I think the manager should let the door hit him in the ass. I think dumb people are dumb. I don’t think I want to listen. I’ve only just heard a Canadian artist and I don’t want to ruin the taste in my mouth and *gasp* she even lets people hear her stuff *gasp* for free (http://www.reverbnation.com/hayleysales)! The shock, the awe – the absolute abomination that *is* the internet.

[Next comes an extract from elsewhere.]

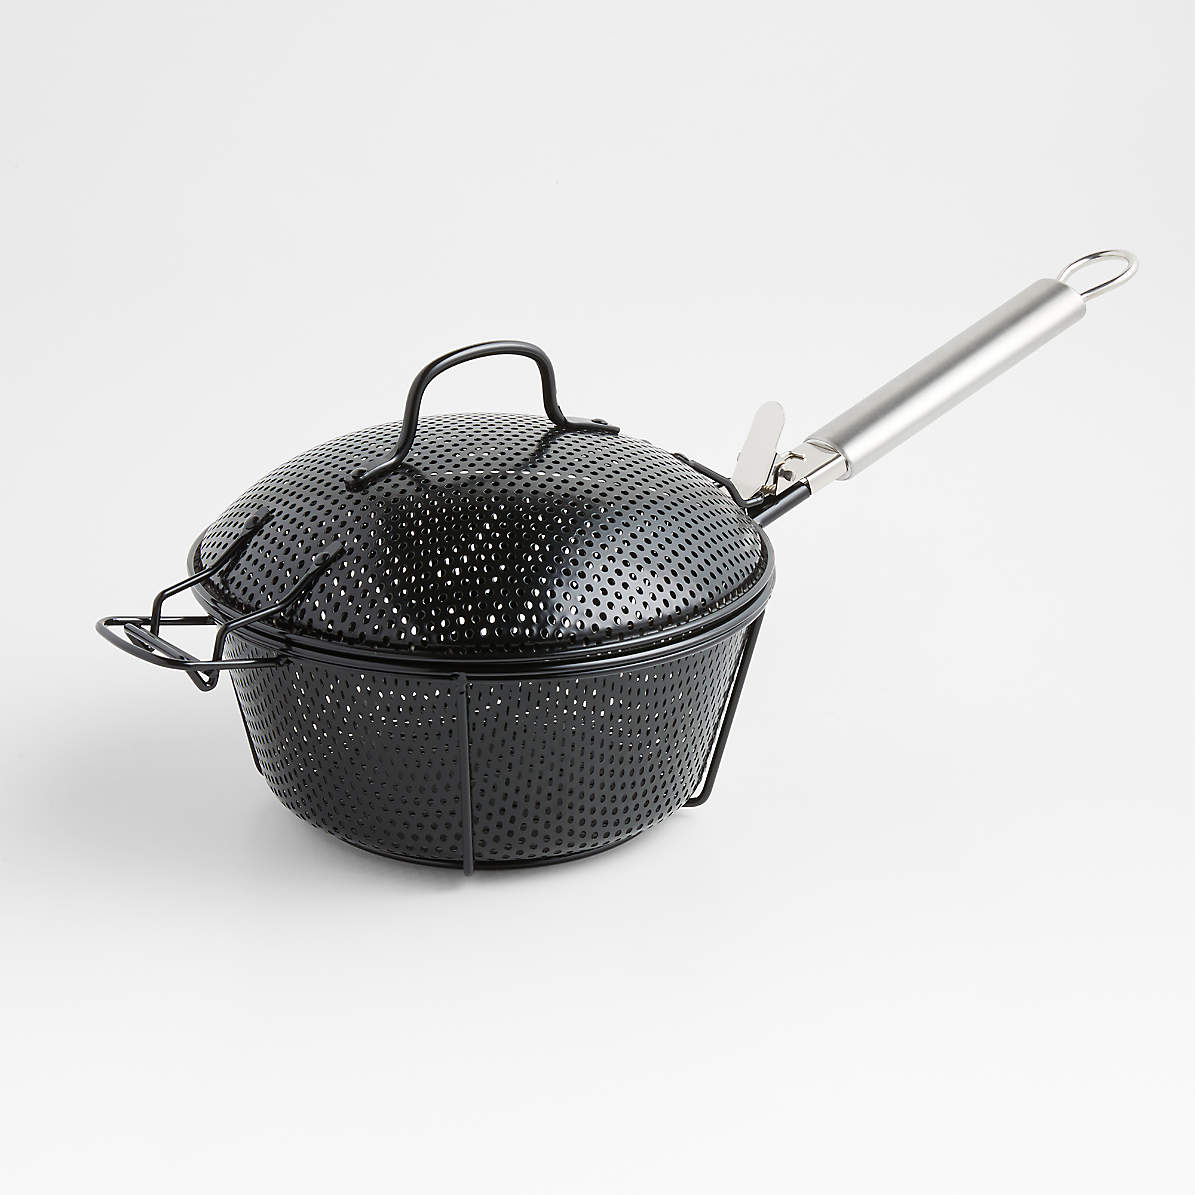 Grill Basket - Large Non-Stick Grill Skillet with Handle for Outdoor G –  Grillers Choice Brands

Eat it Mr. Cameron, cause you may go hungry for a bit.

Joseph K (profile) says:

Yes it is available

To clarify for those who’ve been talking back and forth. Yes the album is available on the file hosting website megashares, and, so far as I can tell, no others. There were some uploads to filesonic and hotfile but these have been taken down. And the file is a real rar file with the whole album in mp3. Like everyone else, I can’t find a single torrent of the album. You can listen to their music if you go to their myspace page. With all of the attention they’re getting, if someone were to upload a torrent, it’ll probably help them. I’m not going to do it, since I don’t like their music, but maybe there’s a kind soul out there.

Memyself says:

Re: Yes it is available

Frankly, the distinction between “how” the music was shared is an unnecessary shell game. Unless there is something I missed, the band did not claim their album was being torrented. They claimed it was being shared. It is. That the researchers chose to focus on one type of sharing while ignoring others only serves to skew the research.

Anonymous Coward says:

Re: Re: Yes it is available

Well, their claims where based on flimsy evidence that nobody can corroborate.

100 K downloads? wow!, they also showed their evidence and it was from a scam torrent site, so obviously people looked at the torrent sites and found nothing they are not being pirate by torrents, only on forums that use primarily file lockers to do it and even in those places where you can see the number of visits people didn’t spread out, so the claims of damage are greatly exaggerated or are you saying that a couple hundreds downloads wiped the income from that band?

Claiming harm where there is none is fraud to me, what do you think?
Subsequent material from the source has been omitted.